The Packard Trail is a 2-mile trail network designed to support year round activities such as hiking, running, snowshoeing, mountain biking, and wildlife observation. The trail loop rests within approximately 150 acres of the 1,236-acre Virgil Parris Forest property and uses a forested area situated along and above the western shore of the undeveloped and protected 49-acre South Pond. The route is punctuated by innumerable scenic features including views of the pond, several marshes, and North Hill, as well as a dozen or so significant glacial erratics, and small waterfalls along two prominent streams. The trail network offers five short side trails to various scenic points including an historic family cemetery. A 0.5-mile outer loop trail departs the main loop at its southern end offering access to a waterfall on the South Pond outlet and birdwatching in the marsh.
The 2-mile loop trail has a mechanically prepared tread surface with a width of about four feet, which allows two people to walk abreast. The overall grades of the trail are kept to a minimum, offering gently rolling hills that are suitable for the very young as well as the elderly. The trail begins at the parking area, and after 100 feet, forks to the north and south. Following the trail to the north, it winds past several stone foundations, and a short side trail to the right leads to Packard Cemetery. The loop trail continues by skirting below the cemetery and in about a quarter of a mile, a very short spur trail will lead to view the first of two significant streams. The main trail turns away from the stream, and passes over the top of a rocky knoll to begin a series of switchback turns. At the bottom of the hill, another spur trail on the left leads to a scenic waterfall bordered by low cliff bands.
The trail continues along the stream, and as the land begins to gradually form into a small esker, red and white pines become the predominant forest. The ridge ends on a prominent point on South Pond and offers clear views of the pond and North Hill. The trail works along and above the shore, but turns back from the pond to maintain moderate grades in descending and climbing a second esker. Here more scenic views of the pond are had. The trail again turns away from the pond, passing over a bridge on a small stream, then climbing to the largest of the three eskers. Here the red and white pine forest is open and the views of the pond are expansive. The trail dips down to follow the shoreline for a short stretch before turning and heading uphill away from the pond, over the tops of two smaller eskers.
Here, the outer loop trail leads left to the marsh and offers beautiful views and birding opportunities. The outer loop continues on to a significant waterfall on a stream bordered by impressive glacial erratics before rejoining the main loop at its southern extent. Past the first junction, the main loop trail crosses a small stream and starts a gradual climb. It winds through hardwood forests dominated by red oaks and is dotted with numerous hefty boulders. Near the high point, the outer loop trail rejoins from the left. The main trail at this junction continues gradually climbing, taking the trail user past more large boulders while winding through a maple and oak forest. The route passes over two streams and then rejoins the access trail near the parking area.

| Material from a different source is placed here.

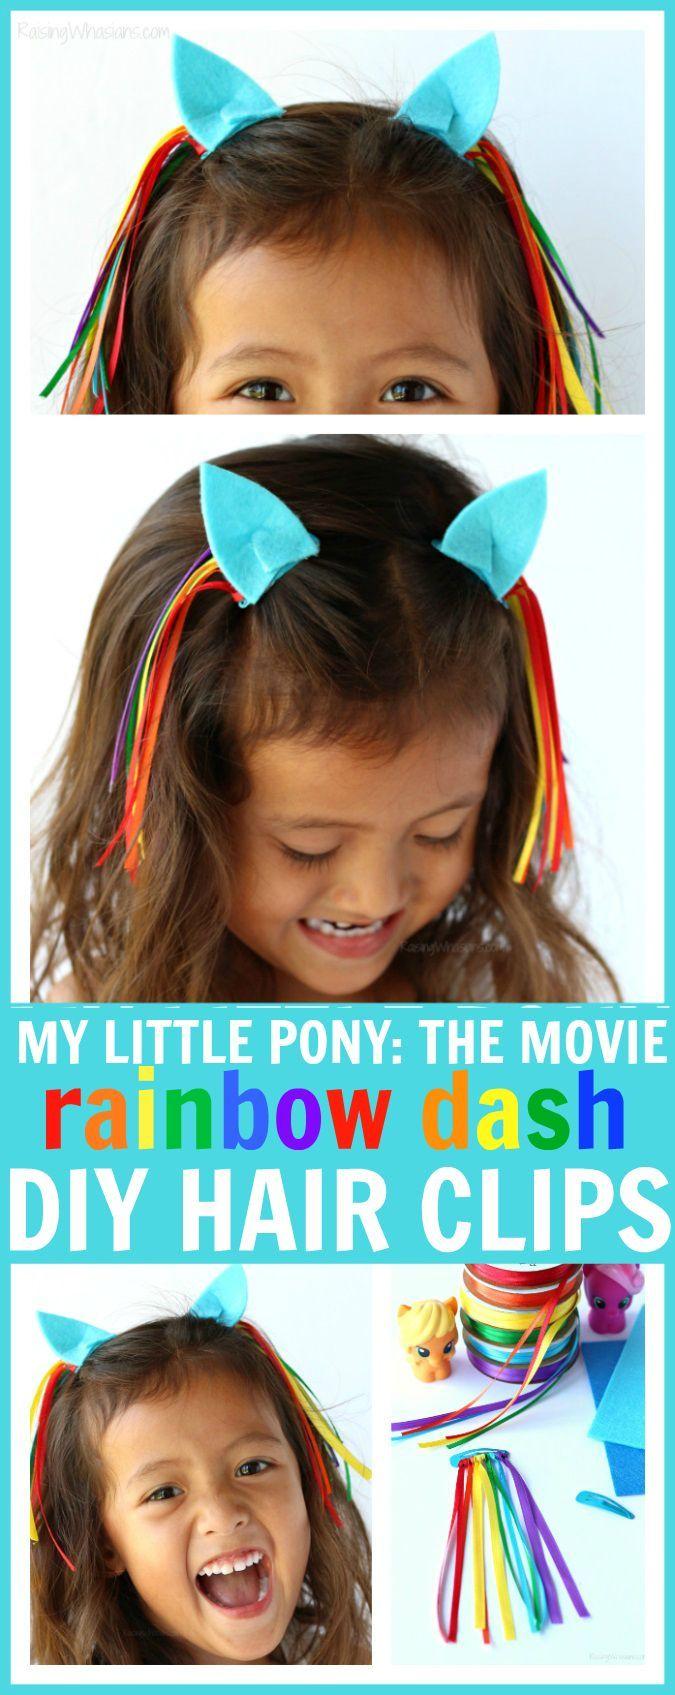 DIY My Little Pony Hair Clips to Celebrate My Little Pony: The Movie - Raising Whasians via @raisingwhasians

This trail passes through a property that was acquired in part with funds from the Land for Maine’s Future program. For more information about the LMF program and the places it has helped to protect, please visit the LMF webpage.
Visit Western Foothills Land Trust online for more information and a printable map or contact:Western Foothills Land Trust
The modest parking area and trailhead are located 1.2 miles south of ME-117 on the east side of the Sodom Road, which is maintained by the town in the winter.
Note: When driving east from South Paris on ME-117, after crossing over Streaked Mountain, drivers should slow down as soon as Frechette's shop is in view. The right turn onto the Sodom Road is very sharp.